- EXERCISE DATA
******

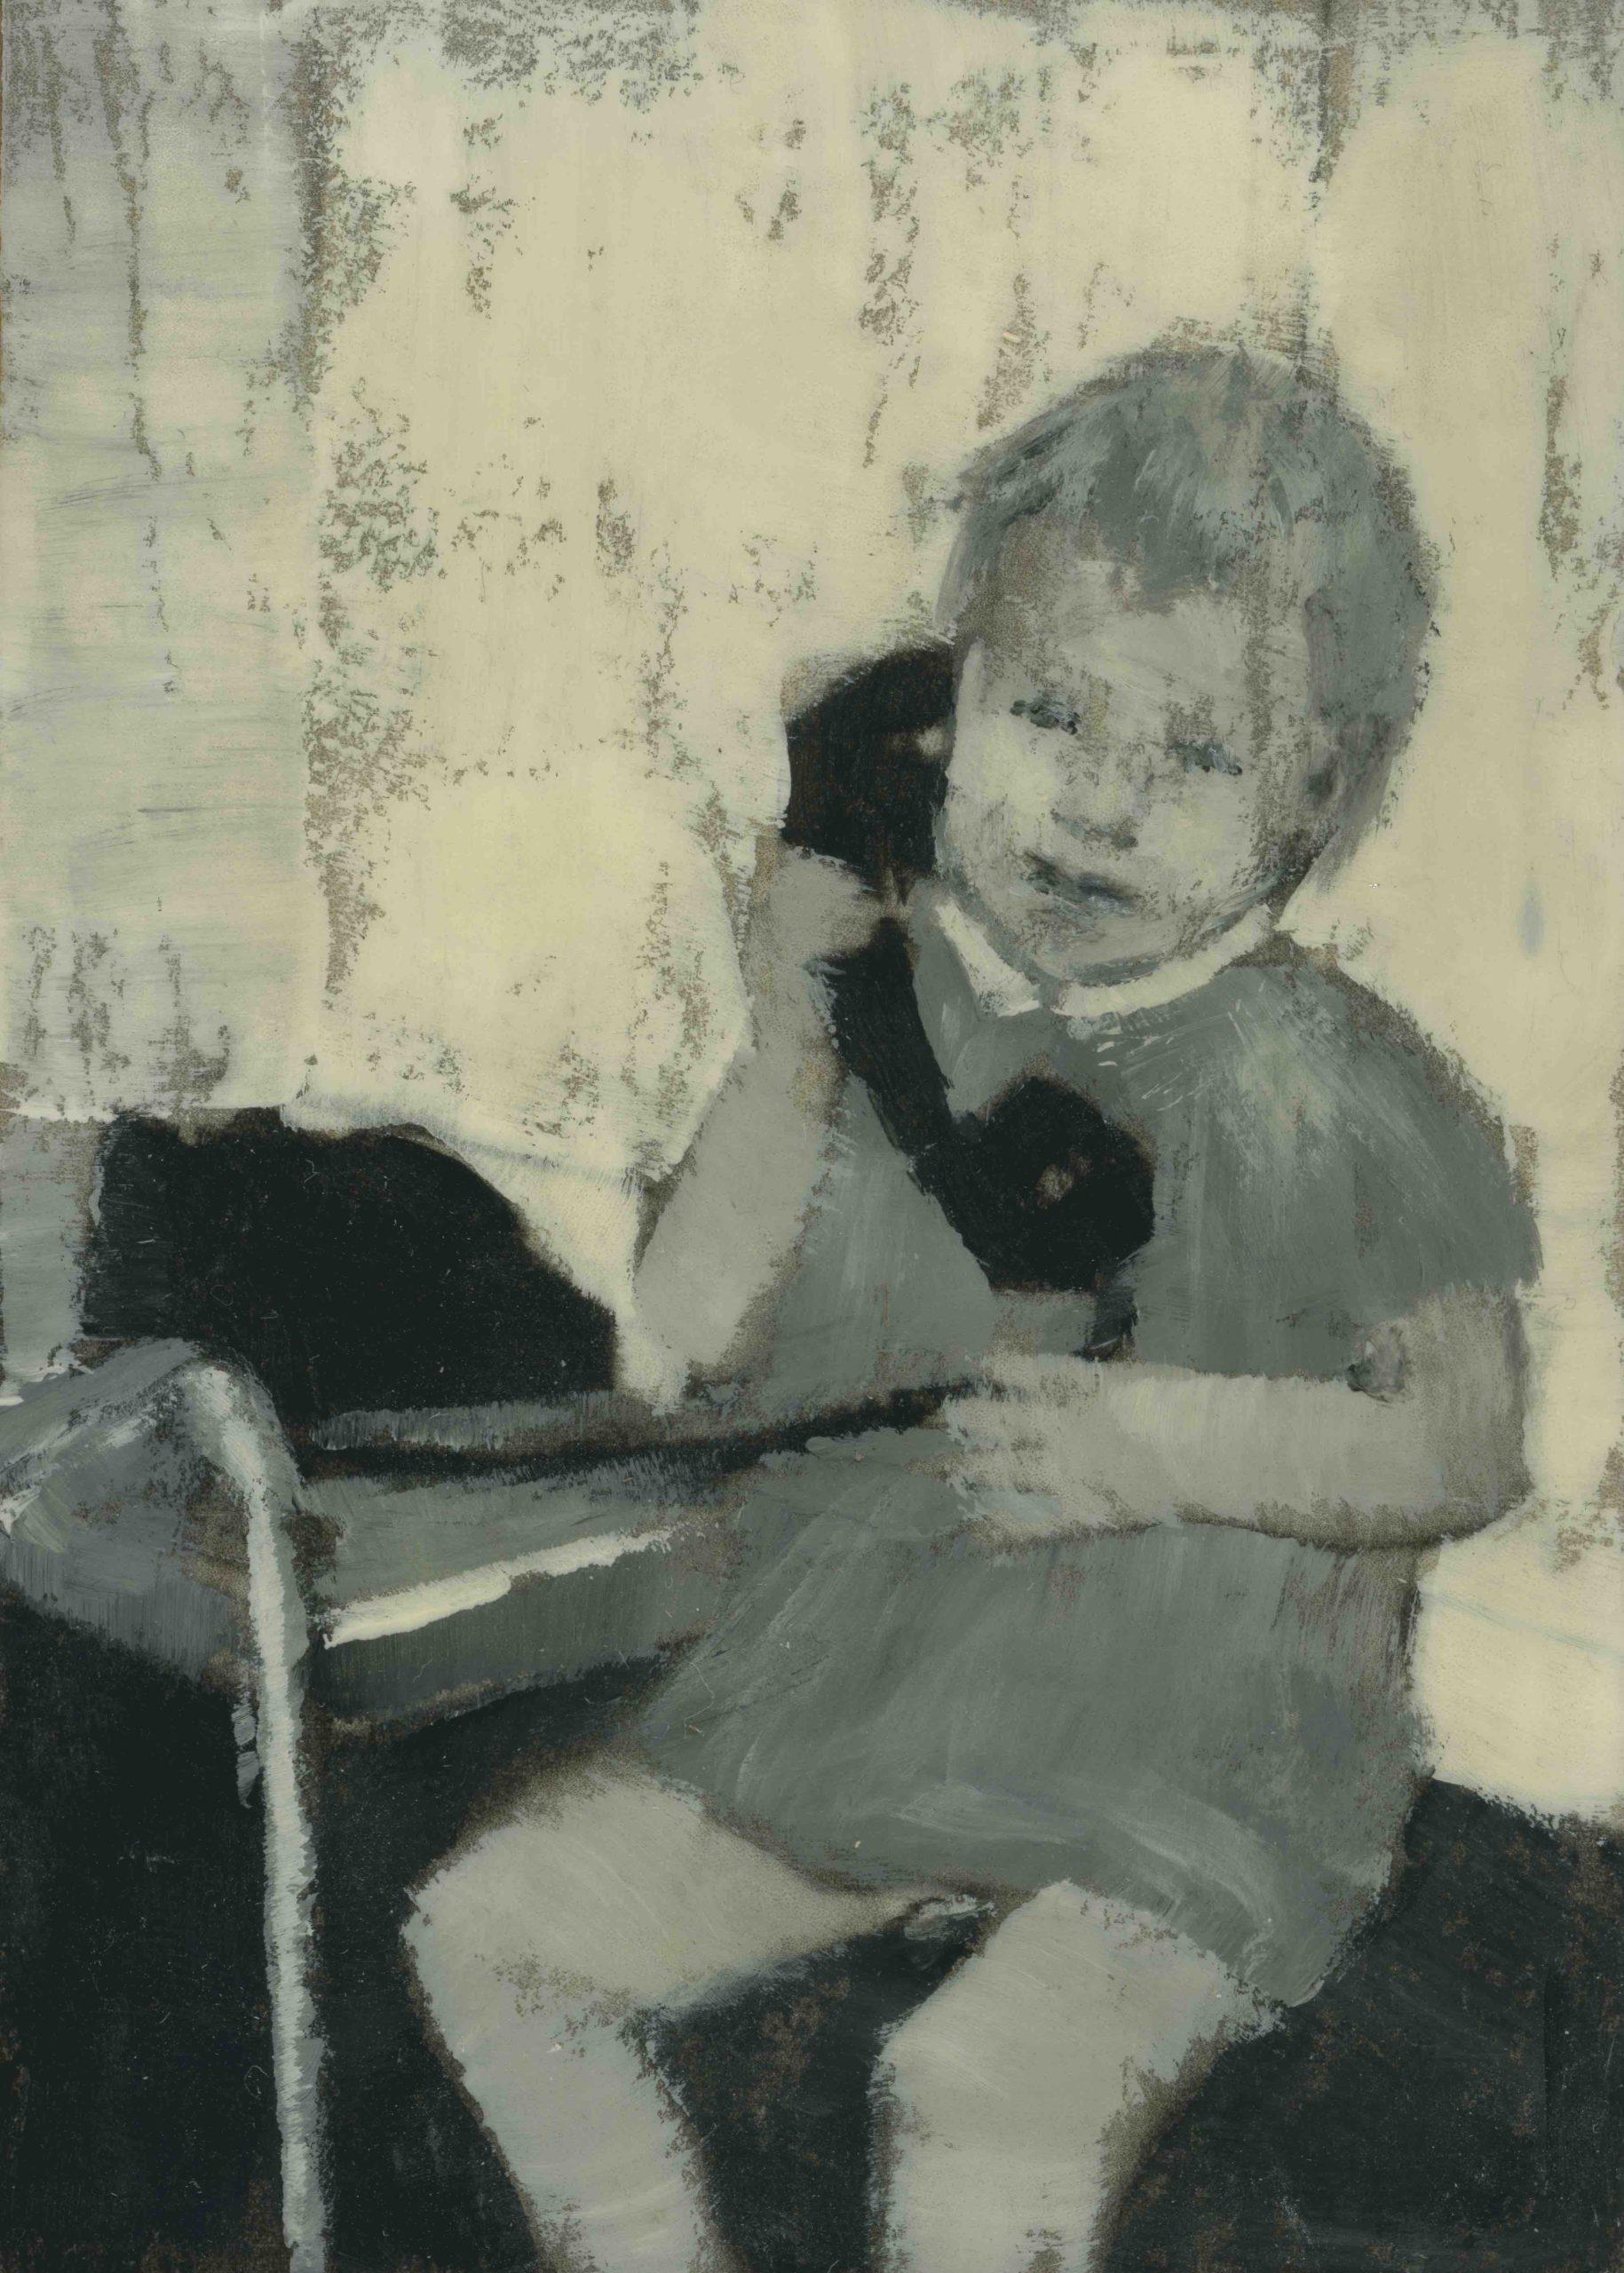 kunstwerk meisje met telefoon
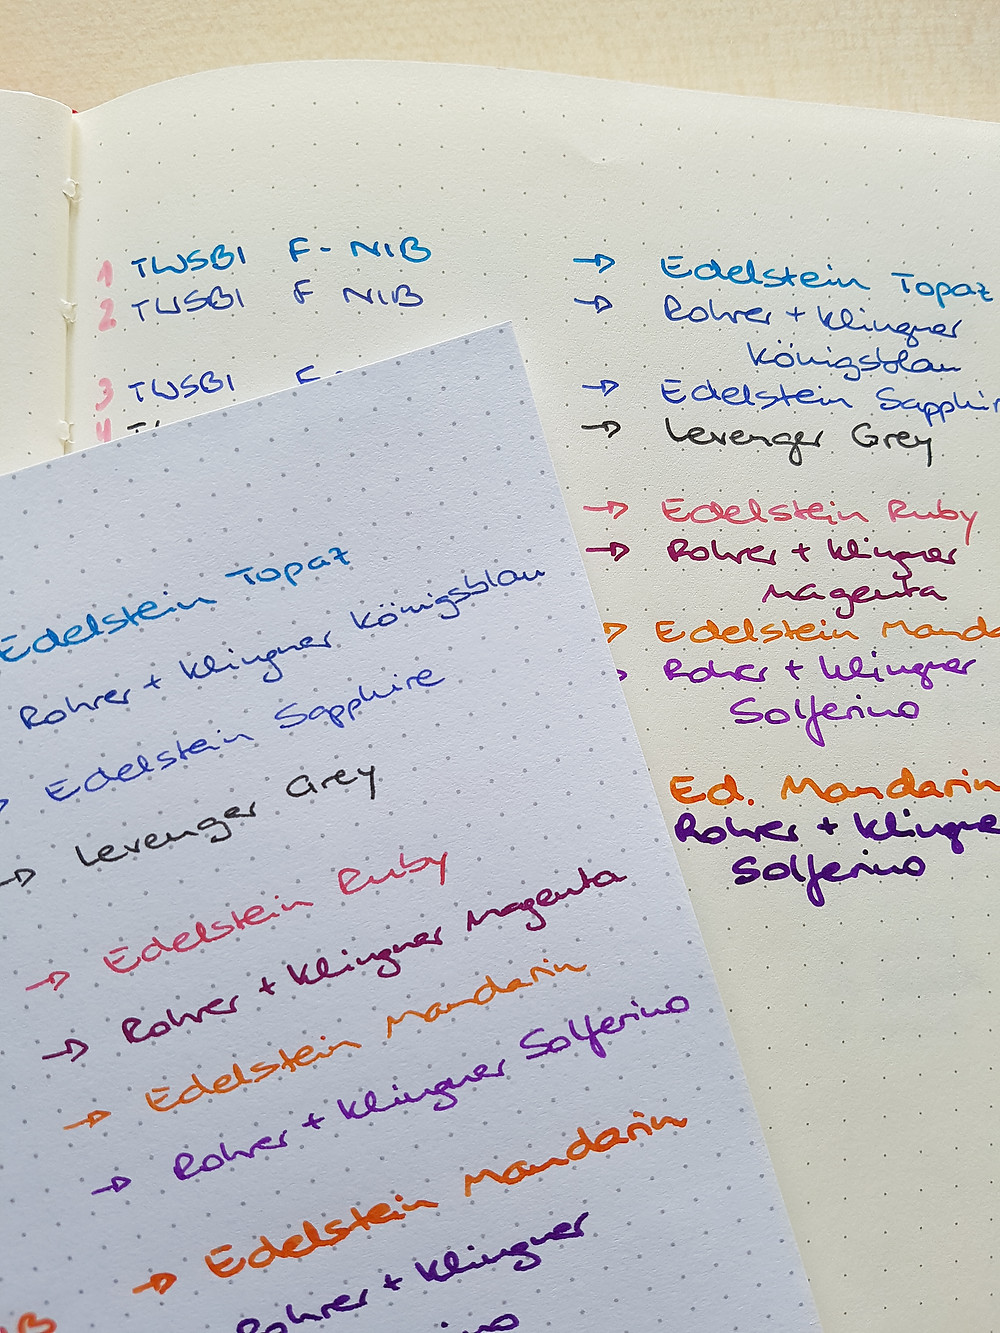 StickersSwissMade - blogpost - paper and pen test nbr 4 -  dotgrid.co notebooks_5
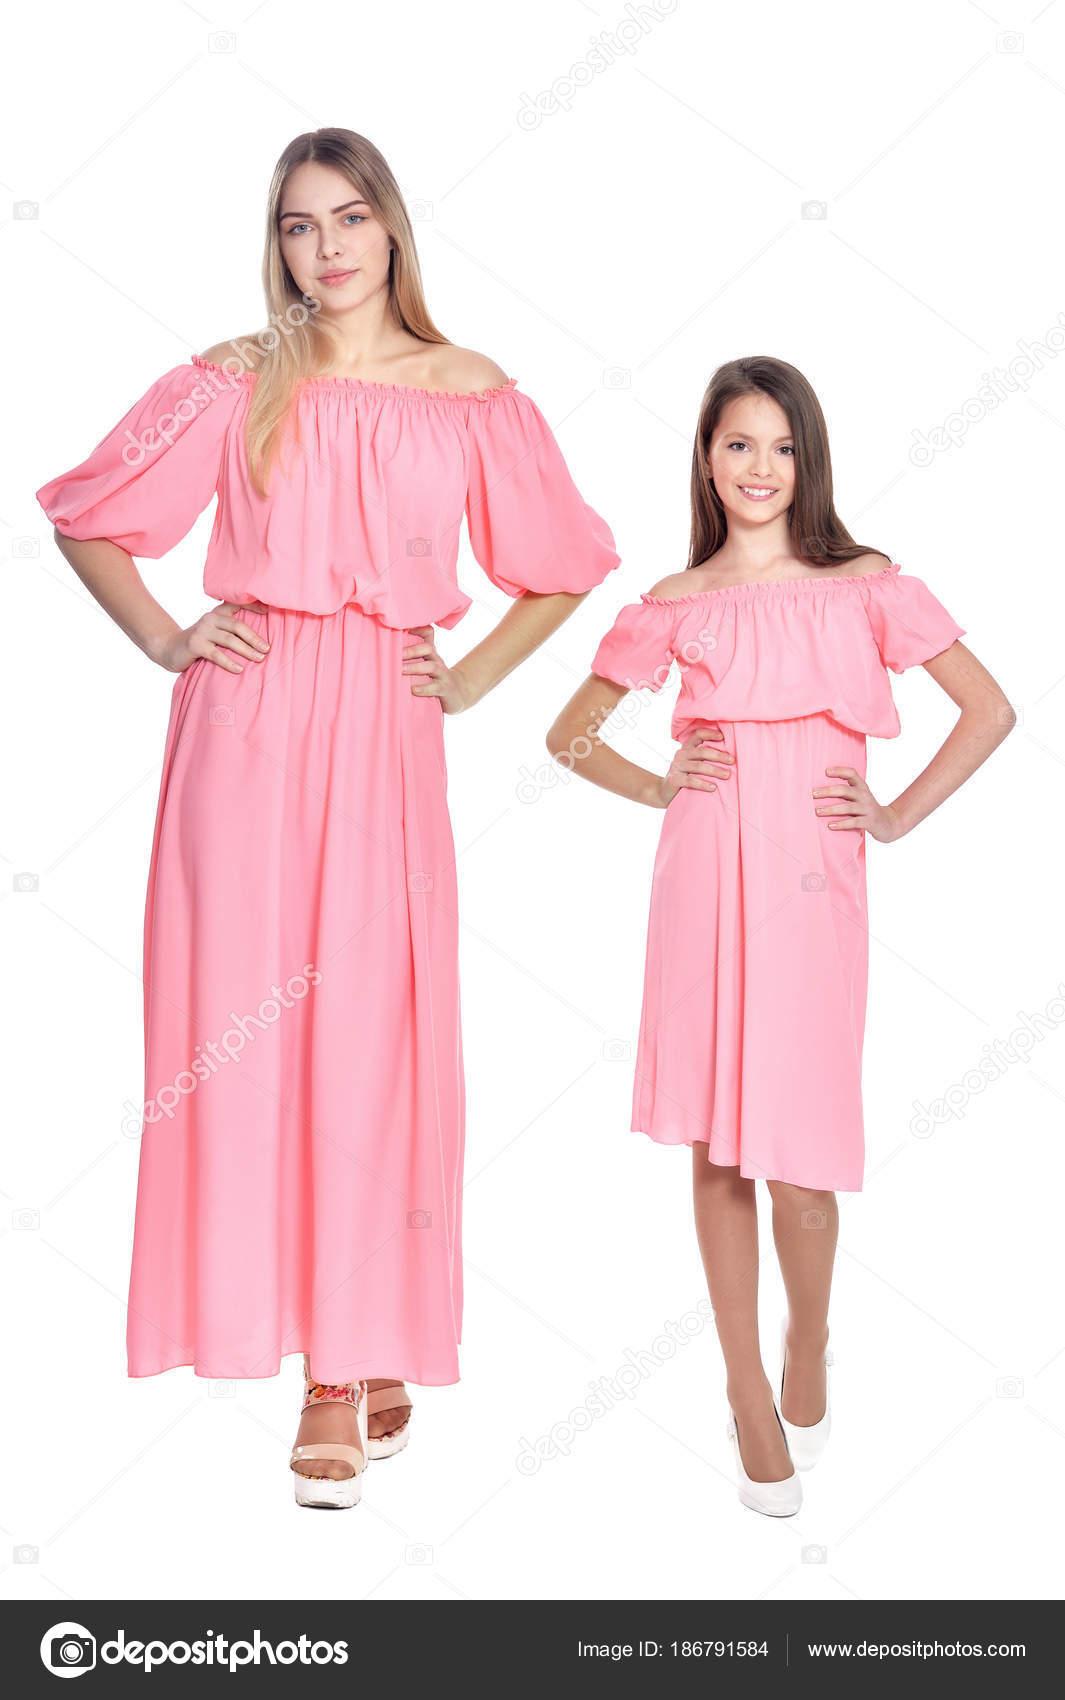 Retrato Hermosa Mujer Hija Rosa Vestidos Posando Aislado Blanco ...
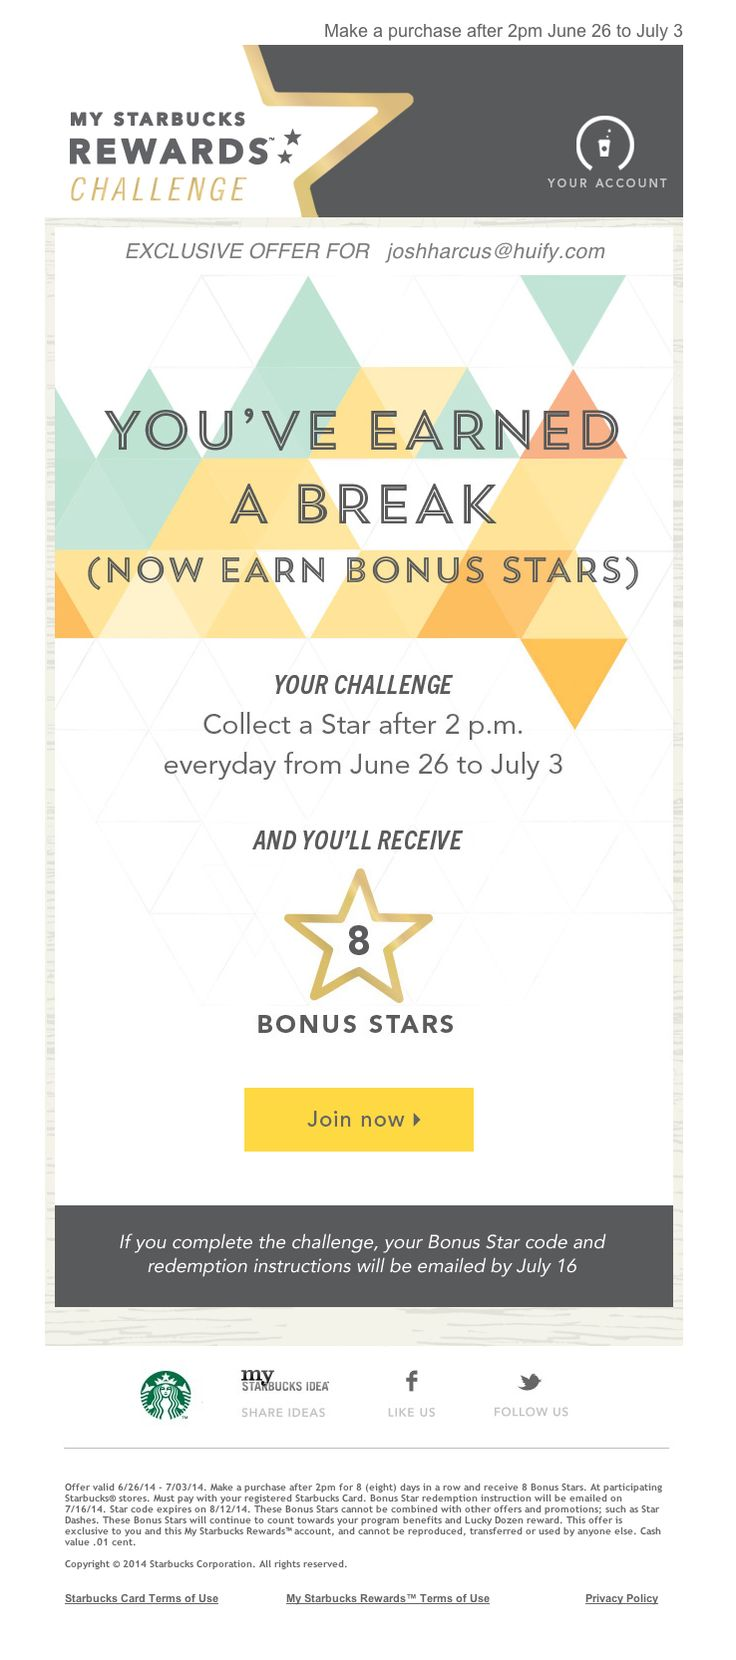 Starbucks Rewards - Summer Break  http://ebm.e.starbucks.com/c/tag/hBTq4OuAJvkyvB86zzzNtsID6qq/doc.html?t_params=EMAIL%3Djoshharcus%2540huify.com%26PASSWORD%3DAJvkyvNtsID6BTq4OuikWuUXV6Qga5utm_source=msrutm_medium=emailutm_content=hostedutm_campaign=summer2wk1-campaign2-8pm

******

- WORK ORDER
Provide the lines again, unchanged, from where the data above begins through the line containing "Retrato Hermosa Mujer", both ends included, omitting pictures and adding nothing.

- RESPONSE TO THIS TASK
 kunstwerk meisje met telefoon
 StickersSwissMade - blogpost - paper and pen test nbr 4 -  dotgrid.co notebooks_5
 Retrato Hermosa Mujer Hija Rosa Vestidos Posando Aislado Blanco ...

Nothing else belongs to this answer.